Early Hominins: Evolution, Traits, and Tool Use
Posted on Jan 12, 2025 in Geography
**Difference Between Hominins and Hominids**
- Humans and human ancestors only are referred to as hominins.
- African-derived great apes (chimpanzees, bonobos, gorillas) and humans, along with their ancestors, are referred to as hominids.
**Hominin Traits**
- Modifications in the pelvic girdle (hip bones) and lower limbs that make them capable of bipedal locomotion (bipedalism).
- Changes in the upper arm and vertebral column indicate that weight is supported only by the legs.
- Smaller canine teeth (canines are larger and sharper in carnivores: meat-eaters).
- Forward-placed foramen magnum.
- Reduced shearing complex: a shearing complex is when the lower first premolars are sharpened or flattened from rubbing against the large upper canines as the mouth closes (sectorial premolar).
**Orrorin tugenensis**
- Dated to about 6 million years ago and found in Kenya.
- It is debated if these fossils are hominin: only a few postcranial (below the cranium) bones were found besides a few teeth.
- The molars found have thick enamel: found in hominins but not in chimpanzees or gorillas.
- However, a canine was found that appears more apelike.
- The femur fragments suggest Orrorin might have been bipedal, and that it could be a direct ancestor of modern humans.
- More fossils are needed in order to better evaluate this species.
**Genus Ardipithecus**
- Many fossils of Ardipithecus ramidus were found representing multiple individuals that lived 4.4 million years ago in Ethiopia (east Africa).
- Earlier species Ardipithecus kadabba lived there about 5.5 to 5.8 million years ago (thought to be the earliest-known hominin).
- Both show late Miocene hominid (both ape and human ancestor) traits such as a flat cranial base, thin molar enamel, large canine teeth, and facial prognathism (projecting jaw).
- The pelvis shows adaptations for bipedalism, but still retains a shape suited for arboreal climbing (transitional).
- Forward-placed foramen magnum and more gracile humerus like in hominins (thinner: not using the arms to bear weight when walking like quadrupeds do).
- Pollen and other evidence suggests that Ardipithecus lived in a forested environment, so they might not have been fully bipedal.
**The Australopithecines**
- Dating to about 4.2 million years ago in eastern and southern Africa.
- Species of this genus were undoubtedly bipedal.
- Australopithecus fossils provide us with the majority of the information we have on how early hominins lived.
**Gracile vs. Robust Australopithecines**
- A robust group with stout mandibles, massive teeth, and large adaptations for chewing.

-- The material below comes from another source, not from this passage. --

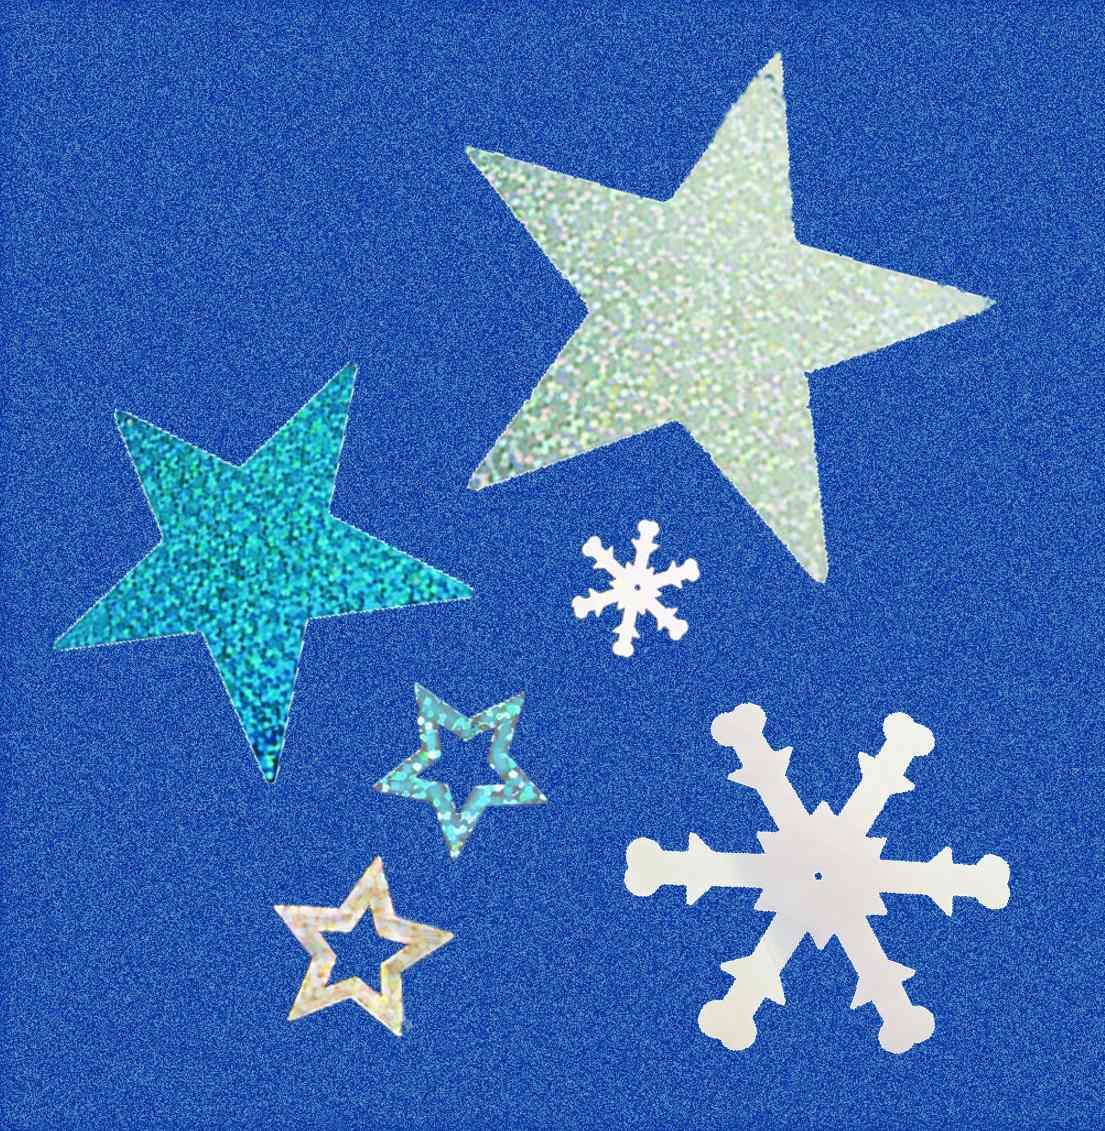 Copos De Nieve Para Decorar Fiesta Frozen.200 Copo De Nieve Estrella Adorno Fiesta Frozen Navidad Full

- A gracile (smaller or thinner bones) group whose teeth are large but who do not have massive skulls and jaw adaptations of the robust group.
- A. garhi fossils were found in direct association with primitive stone tool use and meat eating: mammal bone fossils found with tool marks on them.
- Evidence suggests that A. garhi made and used stone tools to butcher animals that were hunted or scavenged from carnivore kills.
- First evidence of tool use, manufacture, and meat-eating in hominins.